The alleged scheme, which operated out of a Canoga Park office decorated like a casino, charged homeowners $1,000 to $5,000, but loan modifications were almost never completed, court documents said.

“This company was just a boiler room, long on promises and upfront fees but short on foreclosure relief,” Atty. Gen. Jerry Brown said.

Telemarketers for the company, which operated under the names Mason Capital Group and Gretchen Fox and Associates, claimed a 90% success rate in reducing interest rates, monthly payments and principal balances on mortgages, court documents said.

Pictures of the office released by the authorities showed poker and blackjack tables used as desks, slot machines along the walls and a roulette wheel near a doorway.

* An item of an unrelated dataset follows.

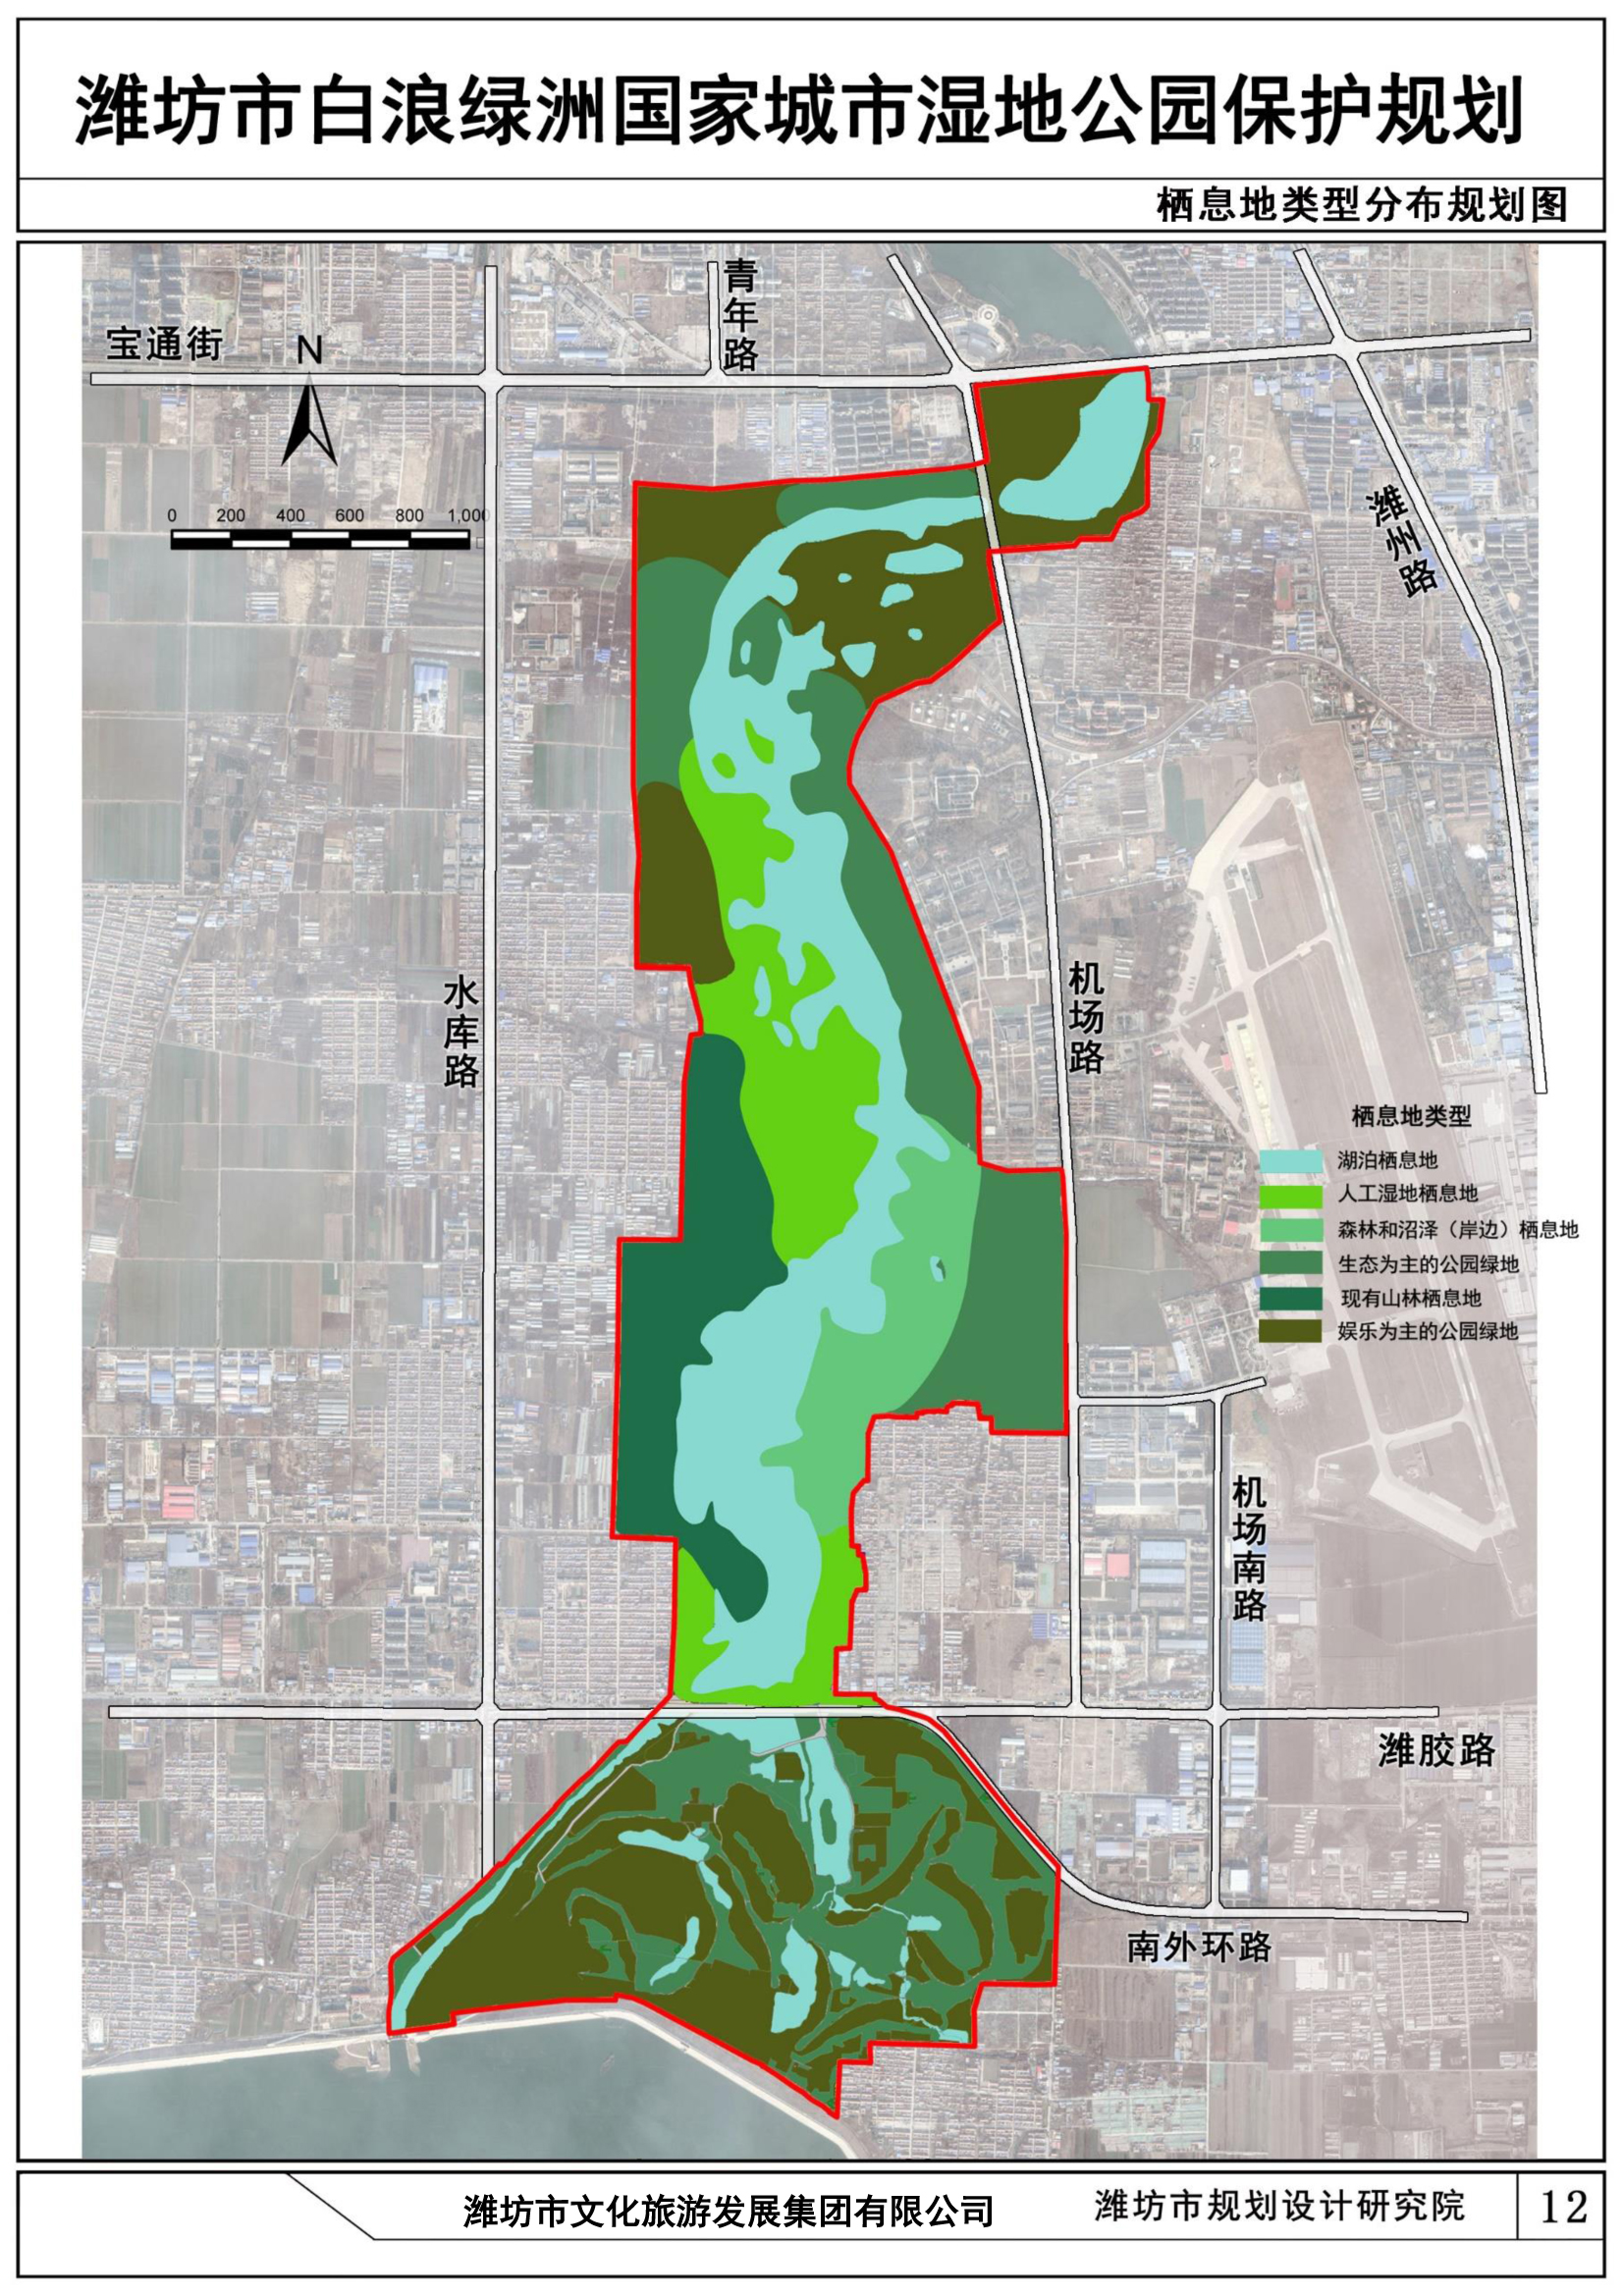 潍坊市白浪绿洲国家城市湿地公园保护规划规划方案公示

“Telemarketers earned a spin for cash bonuses on a roulette wheel based on their sales volume,” said an arrest warrant for the nine men charged with a total of 97 criminal counts.

Four of the nine men were in custody Thursday, the attorney general’s office said. Two of them, Gary Arnold Eisenberg, 71, and Ira Itskowitz, 58, had each previously spent more than five years in federal prison on fraud convictions. The others were Gregg Scott Quinn, 37, and Juan Pierre Washington, 40.

Calls to attorneys representing the men were not returned Thursday.

The four principal owners of the business — Niv Iskin, 30, of Reseda; Reviv Karpman, 38, of Tarzana; Tomer Kogman, 29, of Reseda; and Avraham Yechizkia, 34, of Encino — and sales manager Barel Iskin, 23, of Woodland Hills were still at large, the statement said.

The complaint filed by the attorney general said the scam took place between January 2008 and June 2009, with the four owners spending hundreds of thousands of dollars stolen from homeowners on private school tuition, travel, entertainment, shopping and other personal expenses.